Sharing data between collaborators is a challenge. Anything sent by email persists in a number of unknown exchange servers – the sender’s, the receiver’s and others in-between – so relying on this as a method of data transfer is not good practice. Cloud-based or online file sharing services may be suitable for sharing certain types of data, but they are not recommended for data that may be confidential, because users do not control where data is ultimately stored. Researchers should be aware of the risks and benefits of each type of solution so they can make informed decisions about which to use.
Think of the Long Term!
In terms of long term storage of complete data sets once you are ready to publish, RGU library can help you protect, preserve, archive, and share your research data.
Good Practice Tips
- Store data in non-proprietary or open standard formats
- Create digital versions of paper documentation in PDF/a format for long-term preservation and storage
- Often research data and outputs that have been created collaboratively are available via a web site.Although this is an excellent means of disseminating research, data can be particularly vulnerable if the host institution closes the web site.Do not therefore rely on this method as a robust means of securing data.
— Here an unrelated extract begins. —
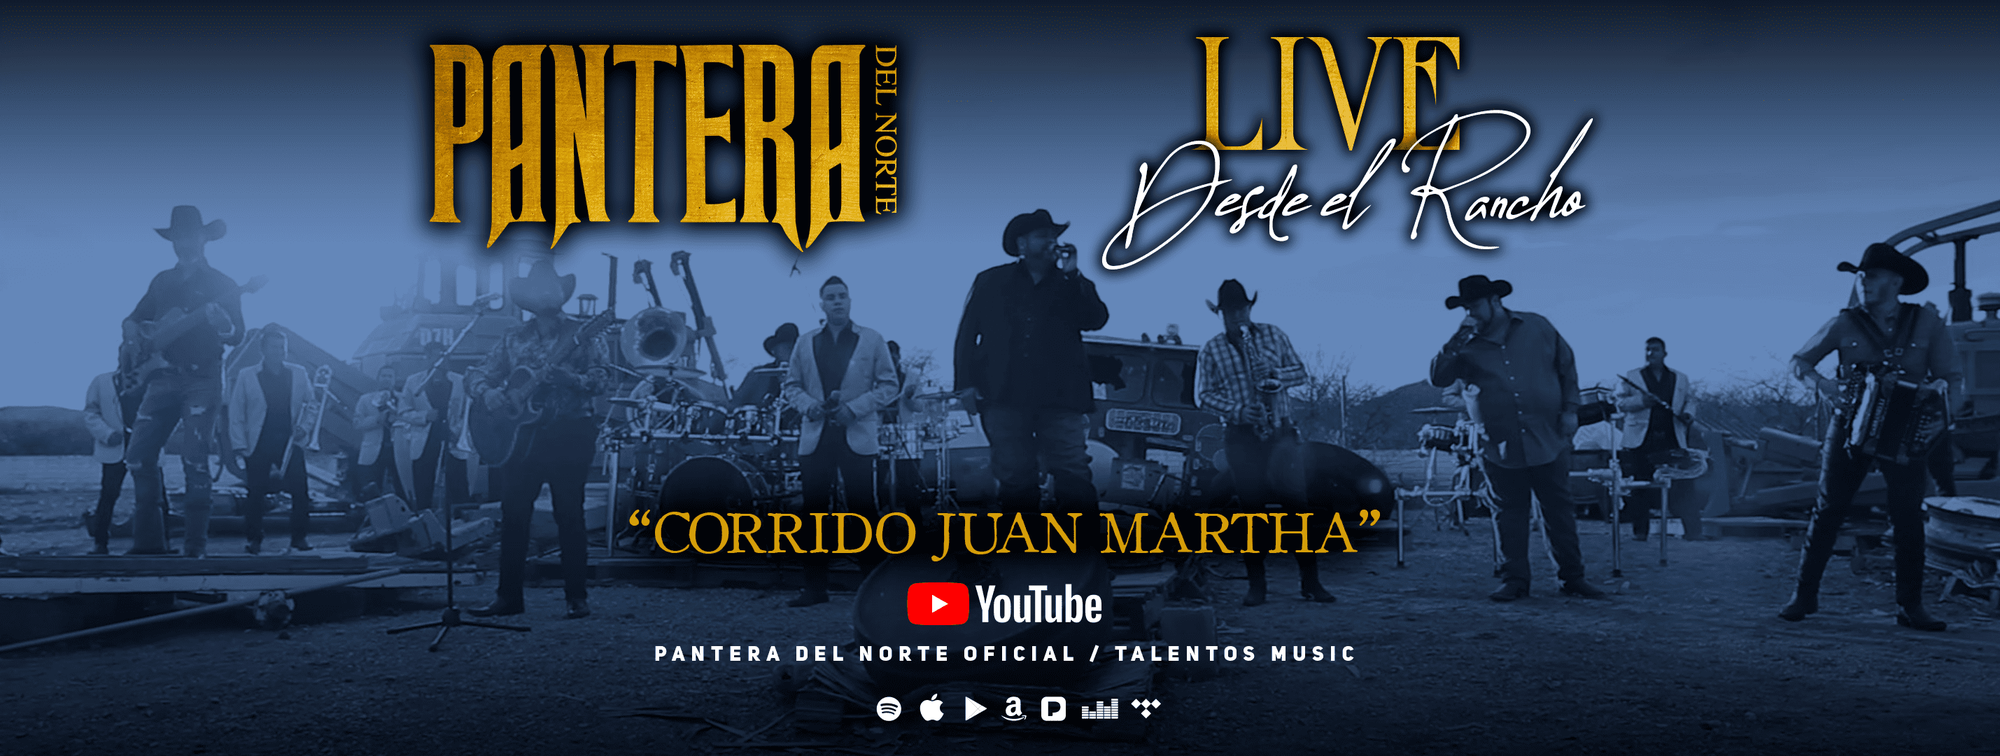 Mira aquí el nuevo Video Oficial de "Pantera Del Norte - Corrido Juan Martha - Live Desde El Rancho"
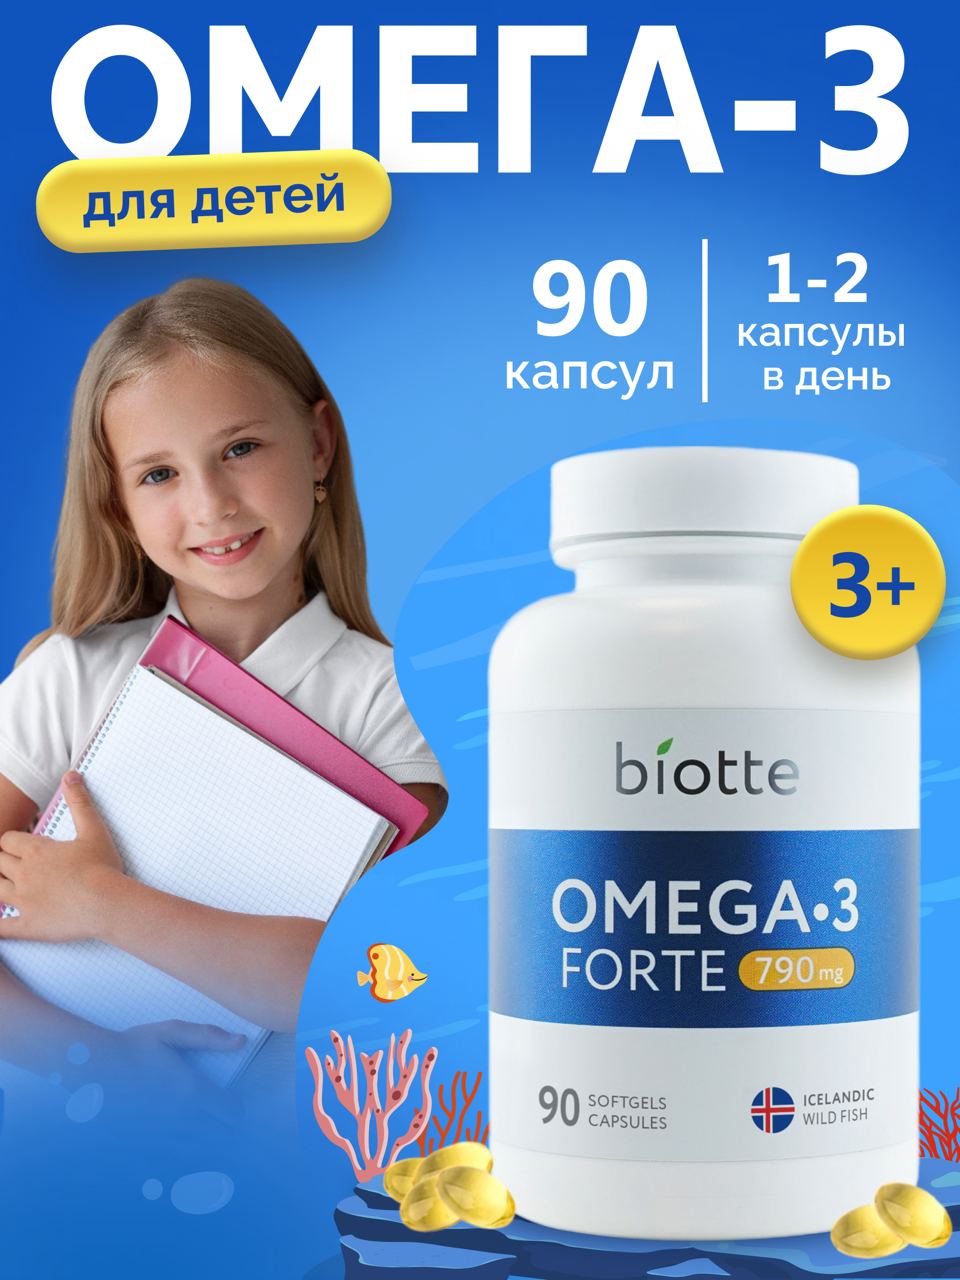 Омега-3 форте BIOTTE 790 mg fish oil премиум рыбий жир для детей подростков взрослых 90 капсул - фото 1

- Copy or migrate data files to new media between two and five years after they were first created, since both optical and magnetic media are subject to physical degradation
- Consider whether to back-up particular files or the entire computer system (complete system image Check the data integrity of stored data files at regular intervals the frequency of back-up needed, after each change to a data file or at regular interval
- Use a storage strategy, even for a short-term project, with two different forms of storage, e.g. On the cloud and a hard drive strategies for all systems where data are held, including portable computers and devices, non-network computers and home-based computers
- Organise and clearly label stored data so they are easy to locate and physically accessible
- Ensure that areas and rooms for storage of digital or non-digital data are fit for the purpose, structurally sound, and free from the risk of flood and fire
Case Studies and Examples
Data Backup and Storage
A research team carrying out coral reef research collects field data using handheld Personal Digital Assistants (PDAs). Digital data are transmitted daily to the institution’s network drive, where they are held in password-protected files. All data files are identified by an individual version number and creation date. Version information (version numbers and notes detailing differences between versions) is stored in a spreadsheet, also on the network drive. The institution’s network drive is fully backed-up onto Ultrium LTO2 data tapes. Incremental back-ups are made daily Monday to Thursday; full server back-ups are made from Friday to Sunday. Tapes are securely stored in a separate building. Upon completion of the research the data are deposited in the institution’s digital repository.
Survey of Anglo Welsh Dialects
In February 2008 the British Library (BL) received the recorded output of the Survey of Anglo-Welsh Dialects (SAWD), carried out by University College, Swansea, between 1969 and 1995. This survey recorded the English spoken in Wales by interviewing and tape- recording elderly speakers on topics including the farm and farming, the house and housekeeping, nature, animals, social activities and the weather. The collection was deposited in the form of 503 digital audio files, which were accessioned as .wav files in the BL’s Digital Library. Digital clones of all files are held at the Archive of Welsh English, alongside the original master recordings on 151 audio cassettes, from which the digital copies were created.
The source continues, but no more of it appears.